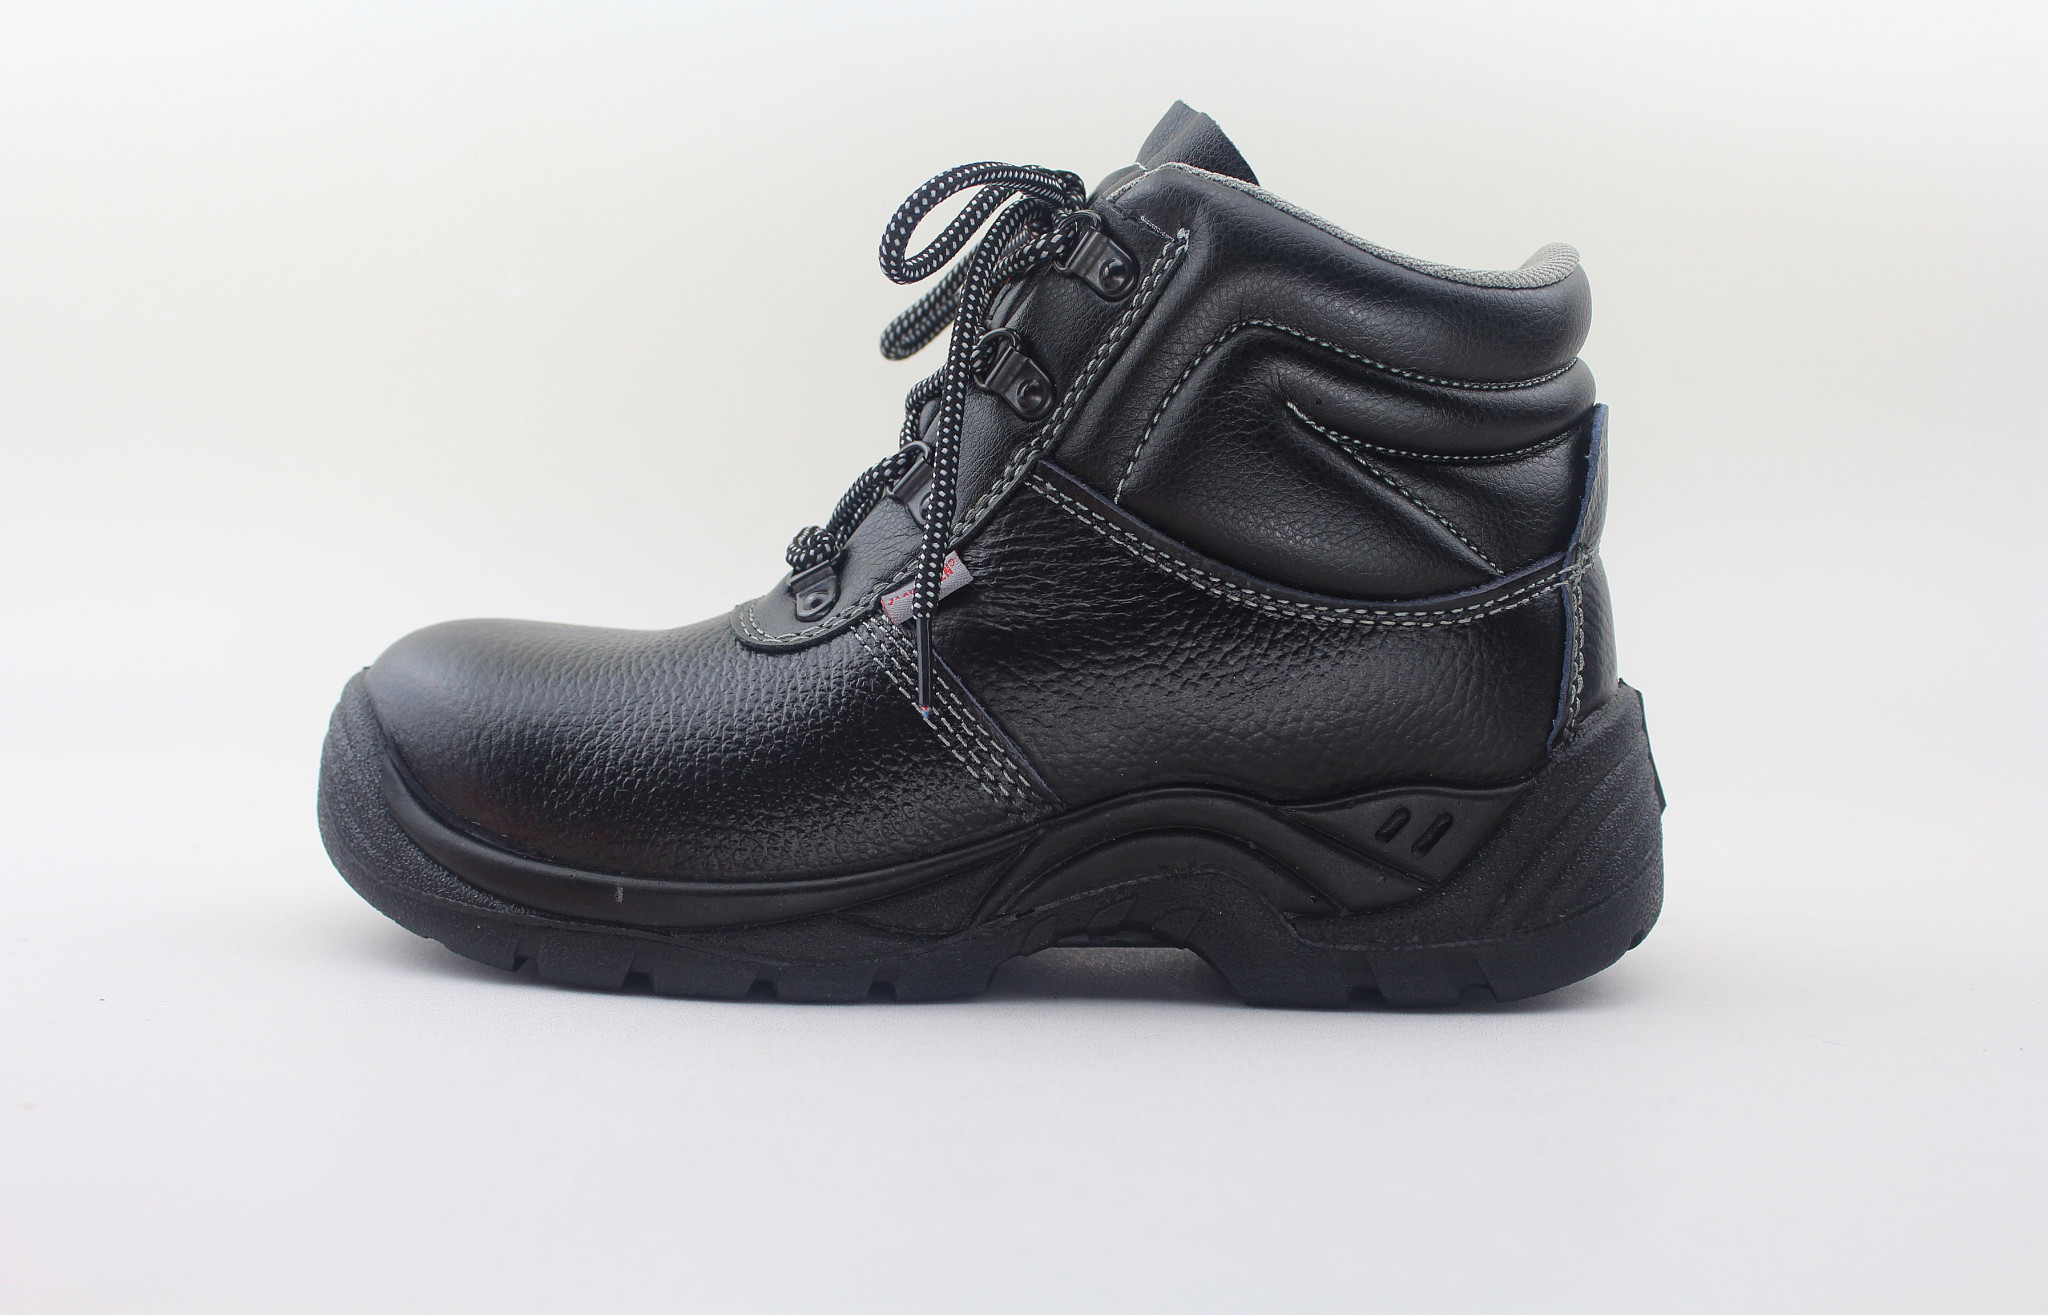 Jack Olsen Labor Protection Shoes
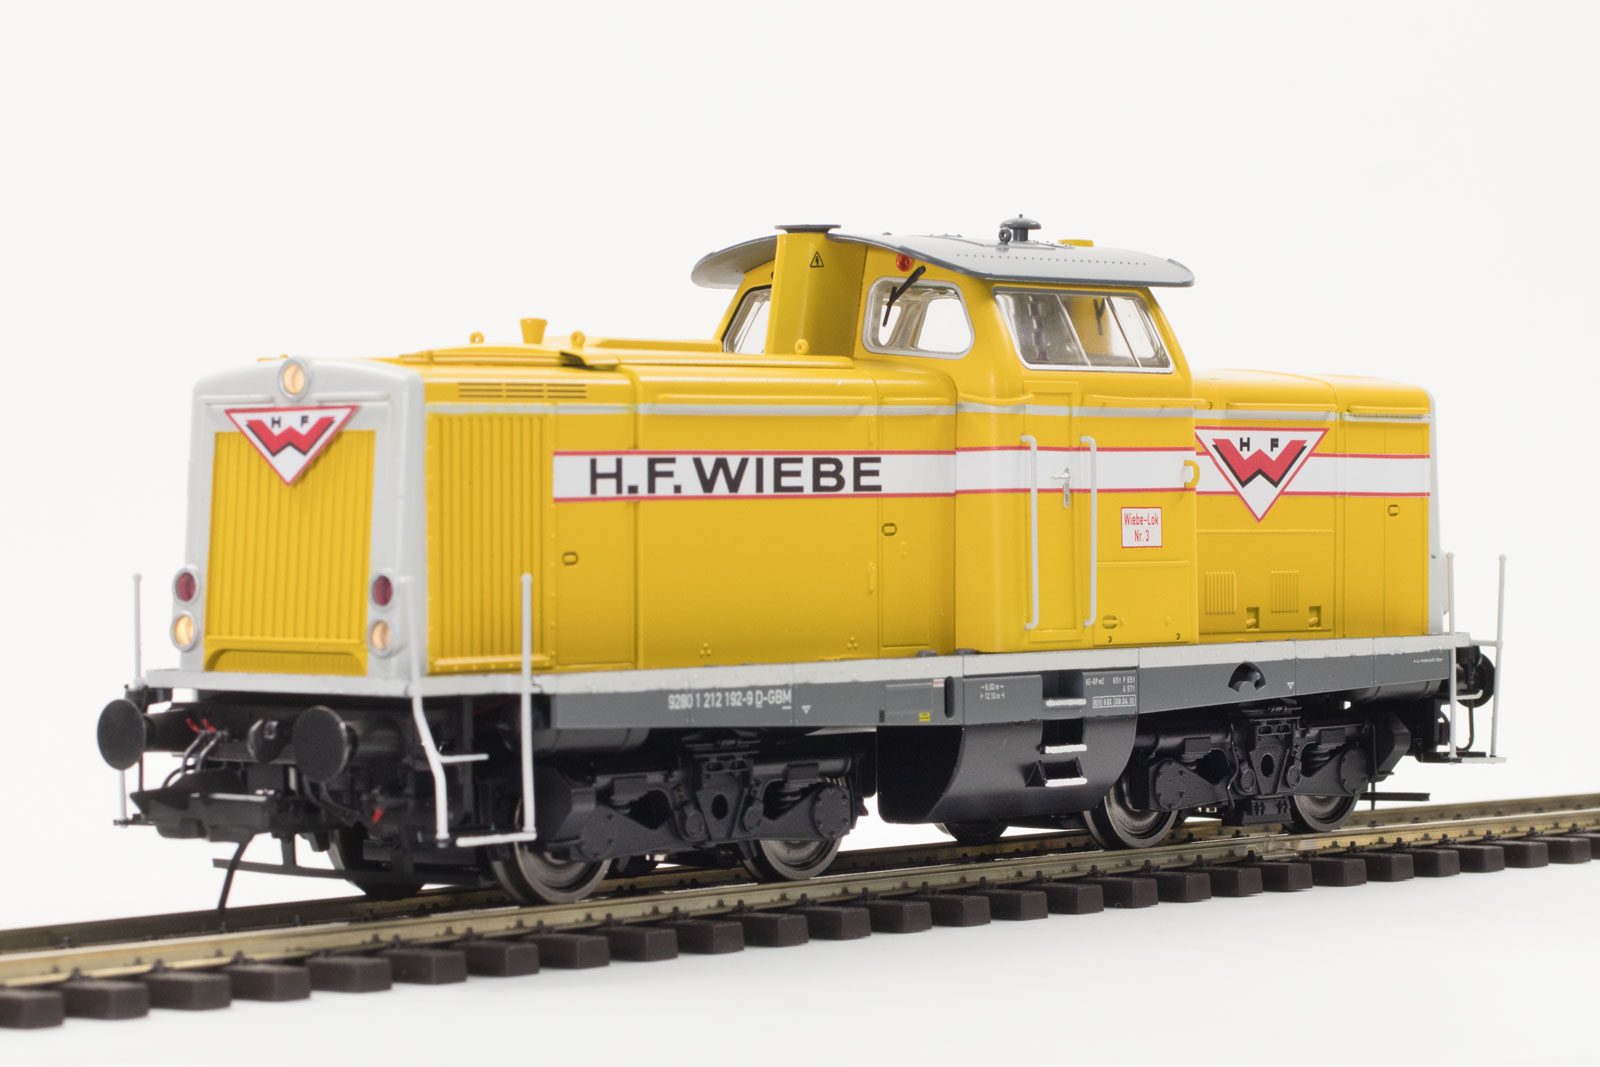 WIEBE Diesellok BR 212 Ep6 gelb, Lok Nr.: 3, Betr.-Nr.: 9280 1 212 192-9 D-GBM, Edition-Modell
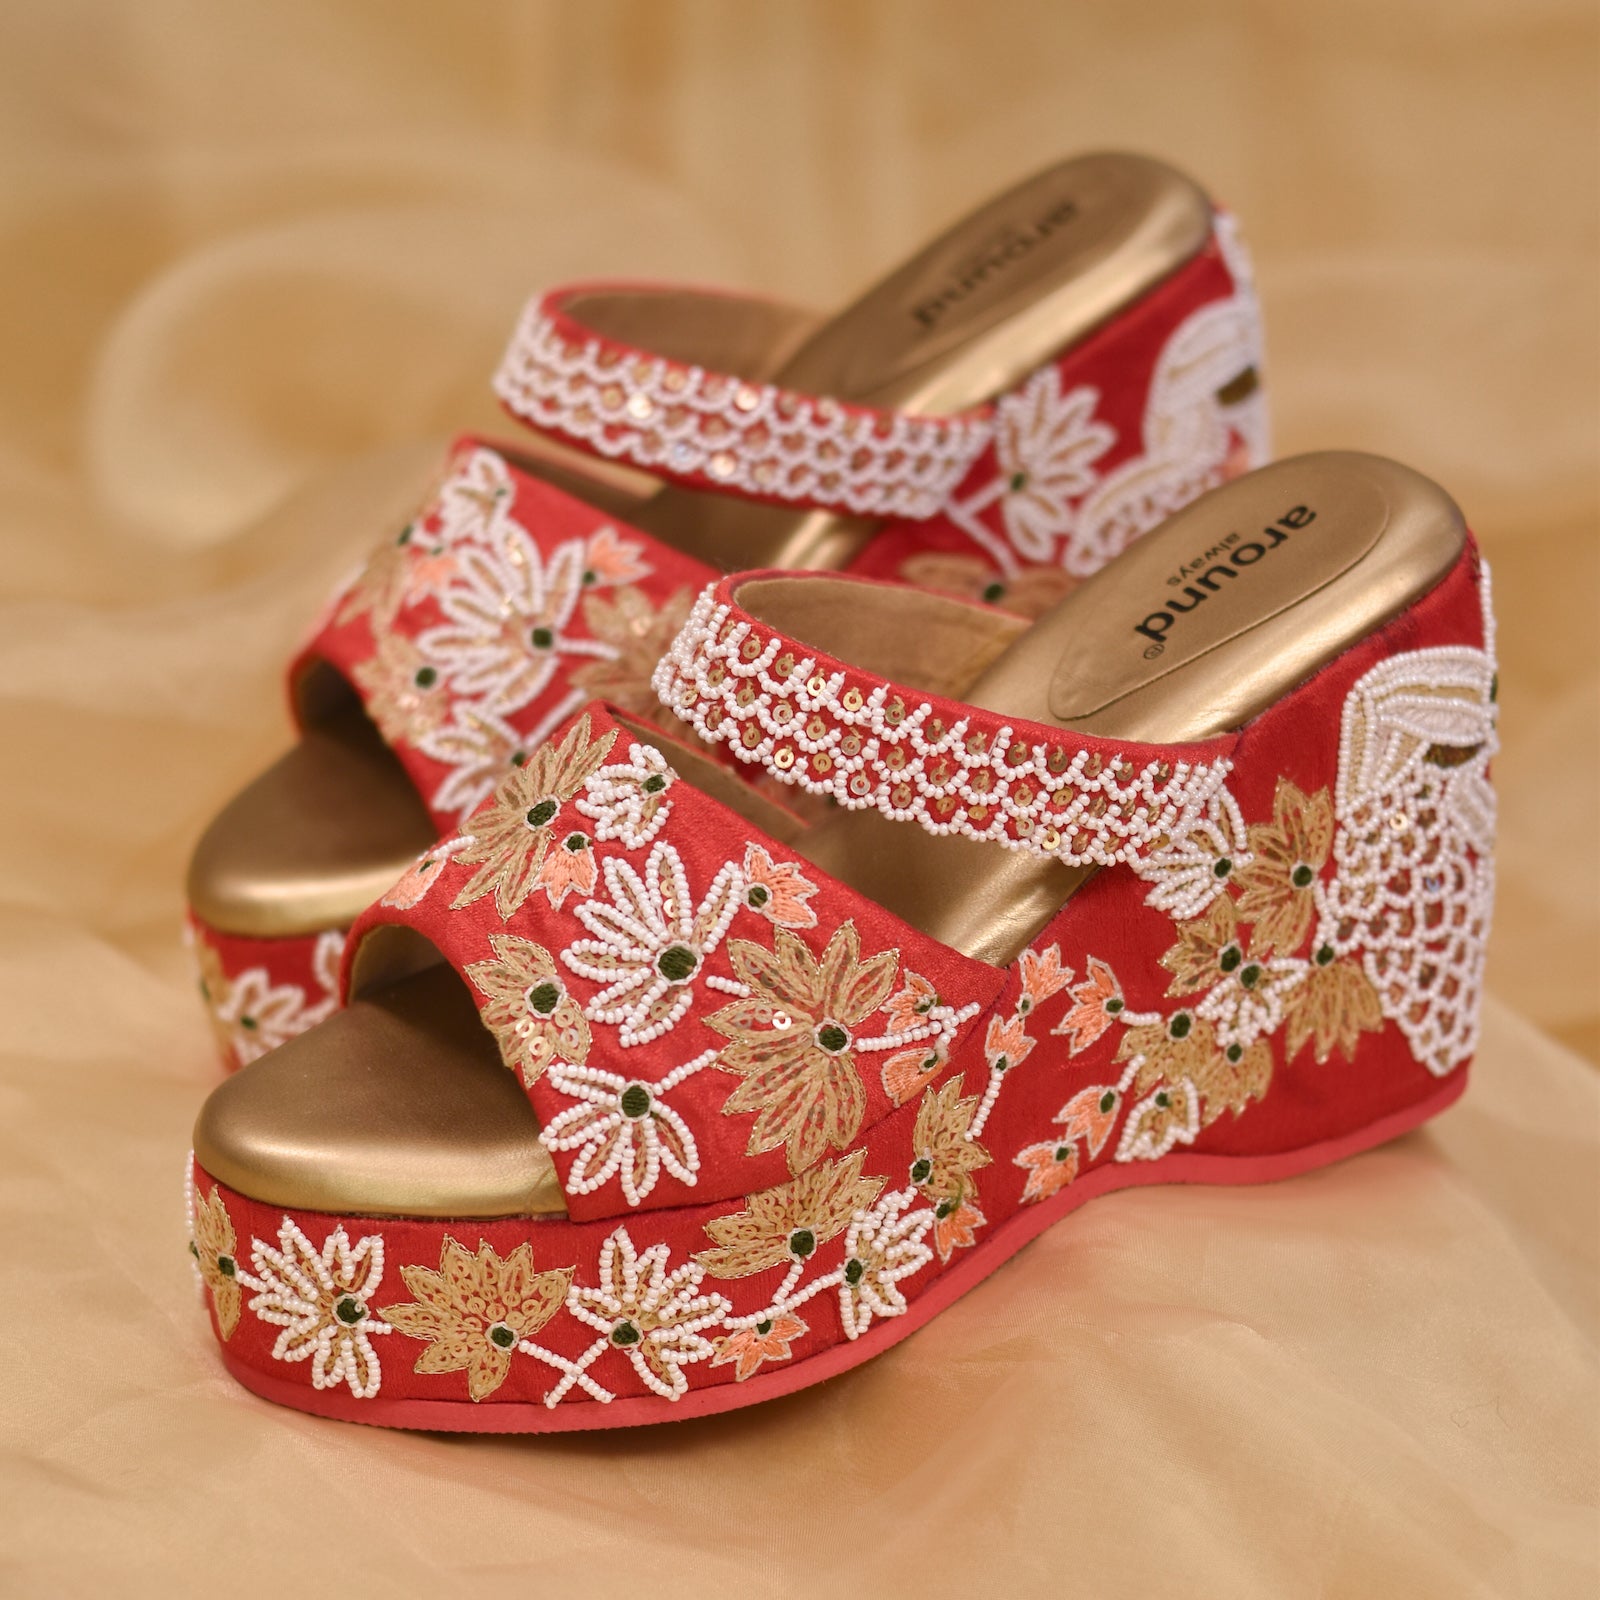 Fashion fancy sandals for girls womens| Alibaba.com
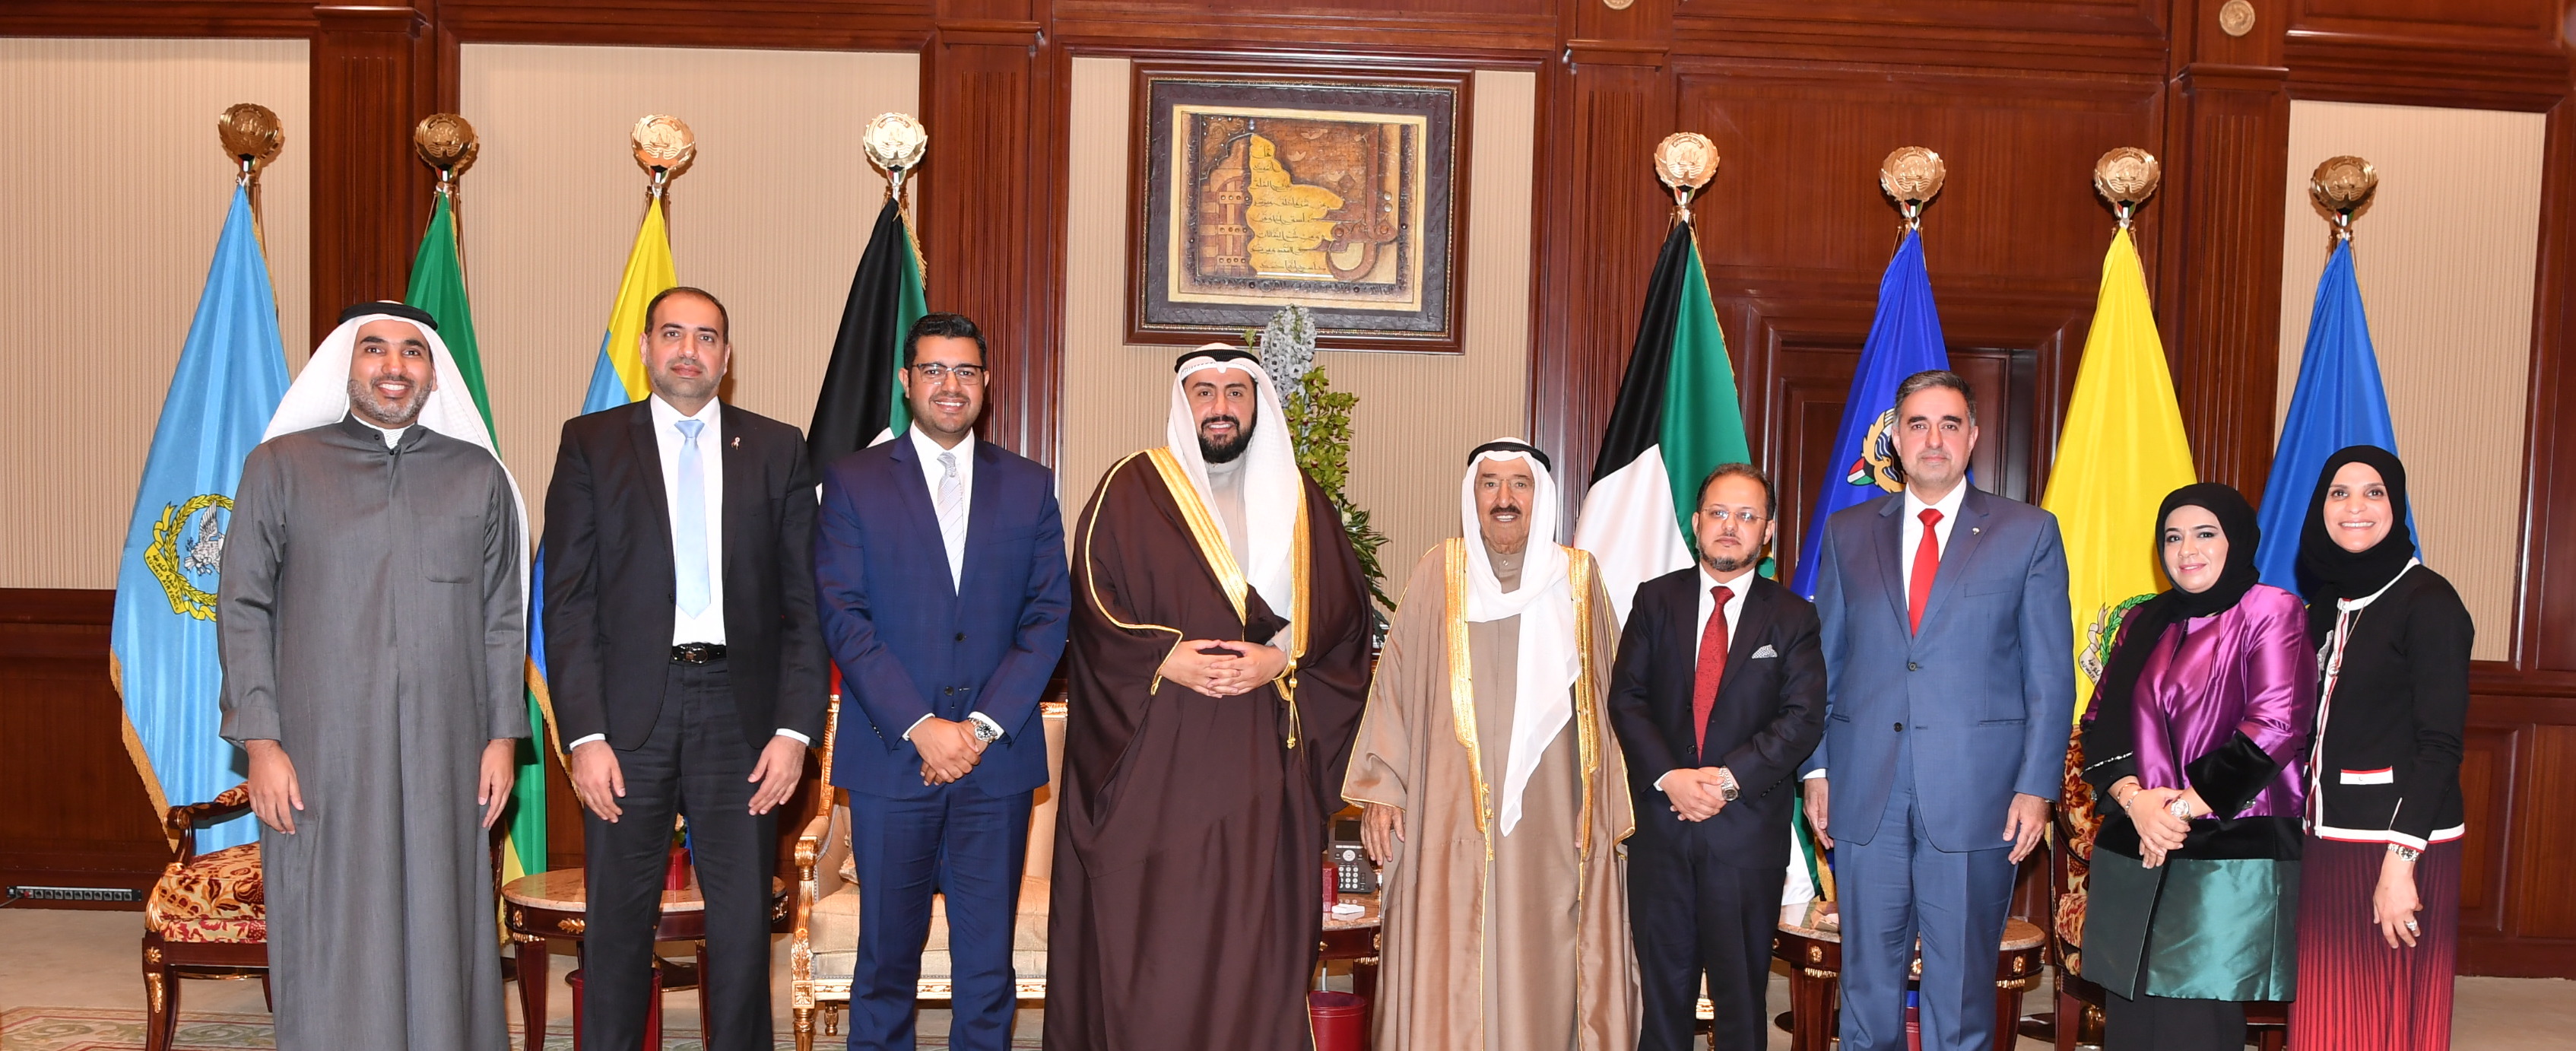 His Highness the Amir Sheikh Sabah Al-Ahmad Al-Jaber Al-Sabah meets with the president of Kuwait Medical Association (KMA) Dr. Ahmad Al-Enezi, alongside Kuwait's Health Minister Dr. Basel Al-Sabah
_____
What this task involves: In the listing above, find the line with "WIEBE Diesellok BR" and output it and every line after it up to and including the line with "Fashion fancy sandals", exactly, minus the pictures.

Answer box:
 WIEBE Diesellok BR 212 Ep6 gelb, Lok Nr.: 3, Betr.-Nr.: 9280 1 212 192-9 D-GBM, Edition-Modell
 Fashion fancy sandals for girls womens| Alibaba.com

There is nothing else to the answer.